I managed to find this answer here where Christian Rau says "axis/angle rotation (a,x,y,z) is equal to quaternion (cos(a/2),xsin(a/2),ysin(a/2),z*sin(a/2))"
Assuming I know what rotation I need to perform, how would I represent it? eg, finding the quaternion that rotates 30 degrees around the z axis.
Any help would be greatly appreciated.
edit** I got as far as writing out "(cos(15),0,0," and then got confused on z * sin.
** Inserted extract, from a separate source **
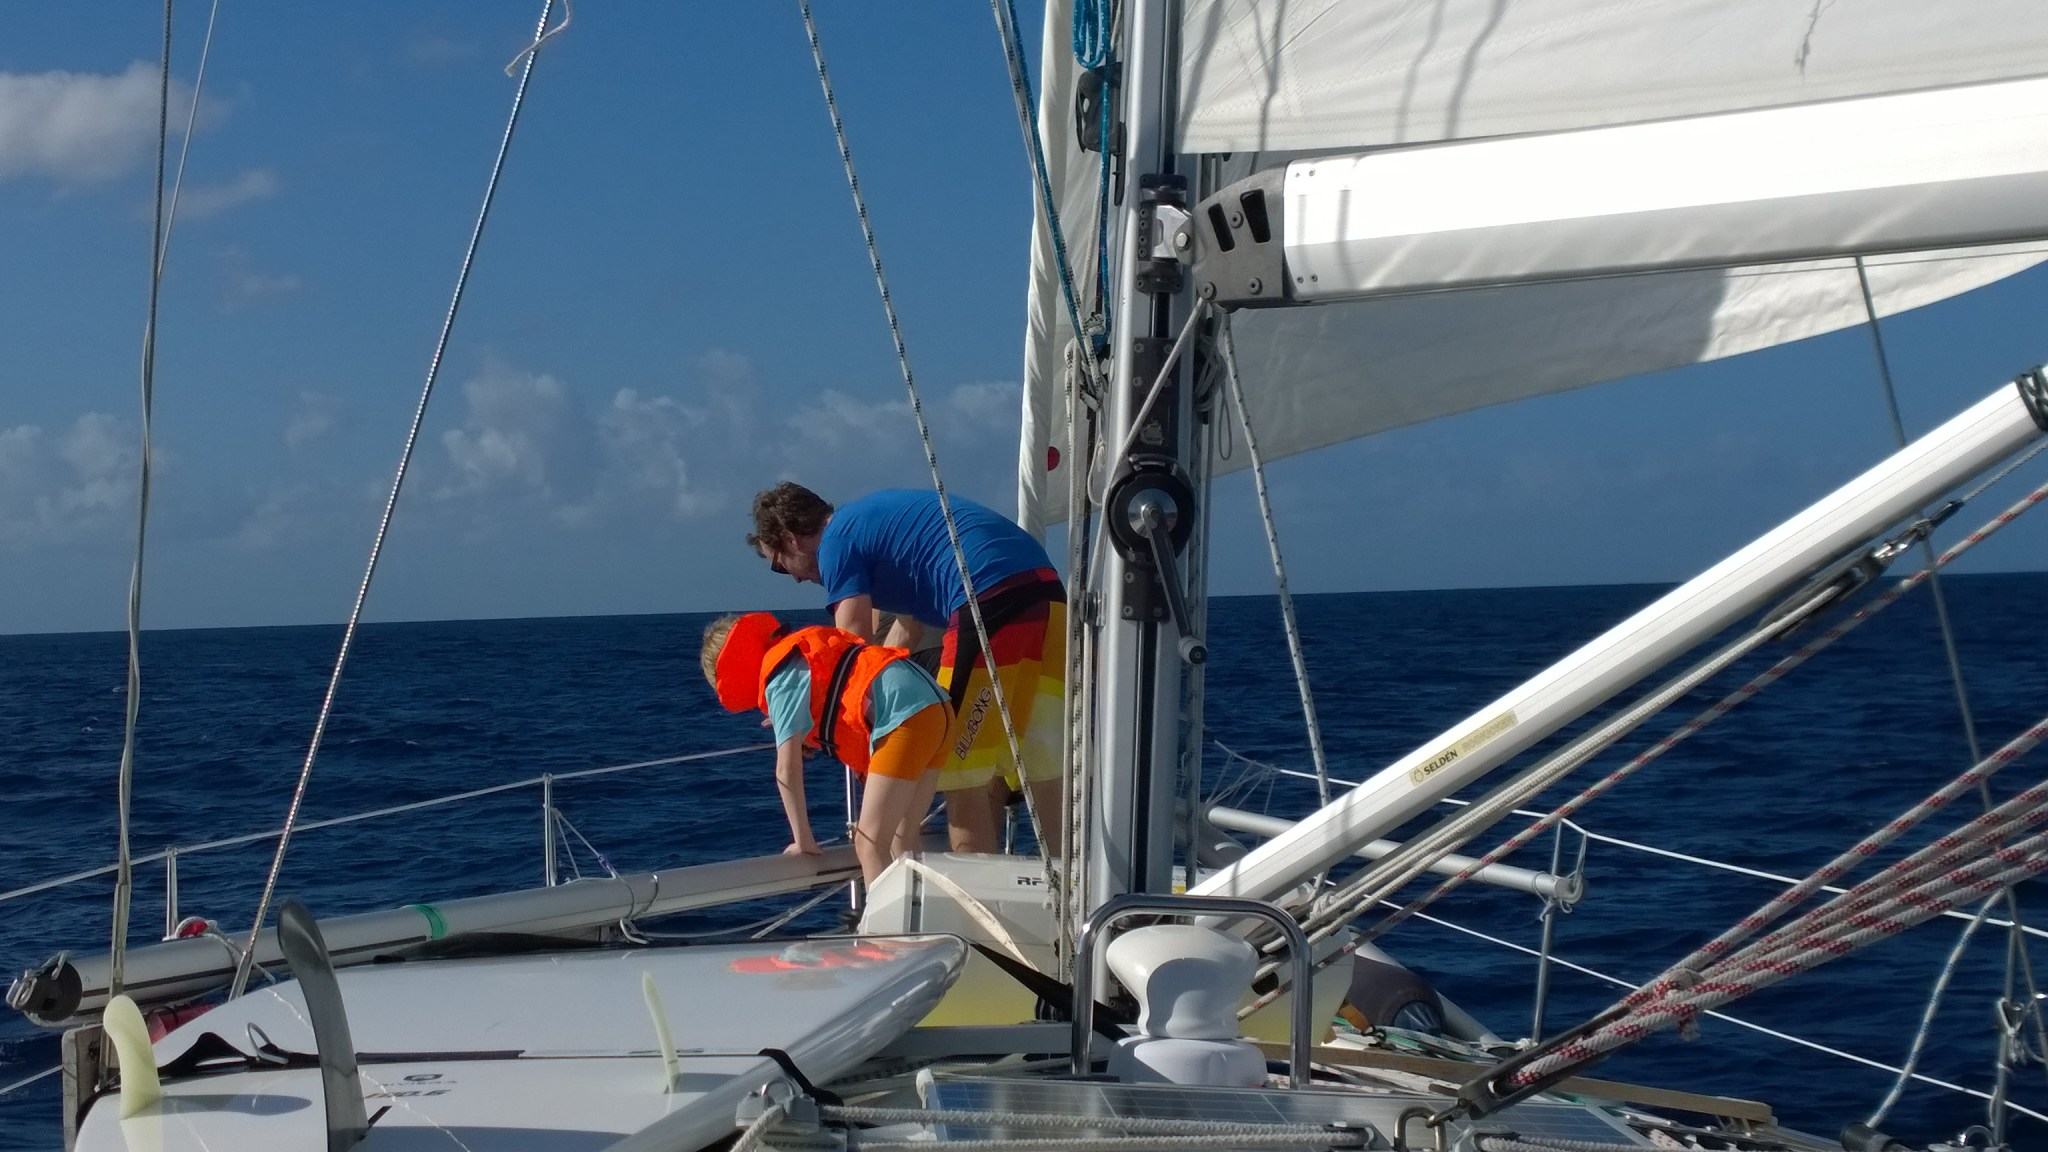 Sen sijaan delfiinit tulivat moikkaamaan! Kaverit ui aivan keulassa veneen ali ja ympäri.

To rotate about the $z$ axis (yaw) by $\alpha$ you need the following quaternion
$\begin{aligned}q = \begin{bmatrix}\cos(\tfrac{\alpha}{2})\\0\\0\\\sin(\tfrac{\alpha}{2})\end{bmatrix}\end{aligned}\tag{1},$
to rotate about the $x$ (pitch) axis you need
$\begin{aligned}q = \begin{bmatrix}\cos(\tfrac{\alpha}{2})\\0\\ \sin(\tfrac{\alpha}{2})\\0\end{bmatrix}\end{aligned}\tag{2},$
and to rotate about $y$ by $\alpha$ you need
$\begin{aligned}q = \begin{bmatrix}\cos(\tfrac{\alpha}{2})\\\sin(\tfrac{\alpha}{2})\\0\\0\end{bmatrix}\end{aligned}\tag{3}.$
If you have a rotation described by the Euler angles $(\phi, \theta, \psi)$ (in the standard order), then, the corresponding quaternion is
$\begin{aligned} q = \begin{bmatrix} \cos \tfrac{\phi}{2} \cos \tfrac{\theta}{2} \cos \tfrac{\psi}{2} + \sin \tfrac{\phi}{2} \sin \tfrac{\theta}{2} \sin \tfrac{\psi}{2} \\ \sin \tfrac{\phi}{2} \cos \tfrac{\theta}{2} \cos \tfrac{\psi}{2} - \cos \tfrac{\phi}{2} \sin \tfrac{\theta}{2} \sin \tfrac{\psi}{2} \\ \cos \tfrac{\phi}{2} \sin \tfrac{\theta}{2} \cos \tfrac{\psi}{2} + \sin \tfrac{\phi}{2} \cos \tfrac{\theta}{2} \sin \tfrac{\psi}{2} \\ \cos \tfrac{\phi}{2} \cos \tfrac{\theta}{2} \sin \tfrac{\psi}{2} - \sin \tfrac{\phi}{2} \sin \tfrac{\theta}{2} \cos \tfrac{\psi}{2} \end{bmatrix} \end{aligned}\tag{4}.$
If you are rotating your object about an axis described by the vector $u=(u_x, u_y, u_z)\in\mathbb{R}^3$ and by an angle $\alpha$ about that axis, then
$\begin{aligned}q = \begin{bmatrix}\cos(\tfrac{\alpha}{2})\\\sin(\tfrac{\alpha}{2})u\end{bmatrix}= \begin{bmatrix}\cos(\tfrac{\alpha}{2})\\\sin(\tfrac{\alpha}{2})u_x\\\sin(\tfrac{\alpha}{2})u_y\\\sin(\tfrac{\alpha}{2})u_z\end{bmatrix} \end{aligned} \tag{5}.$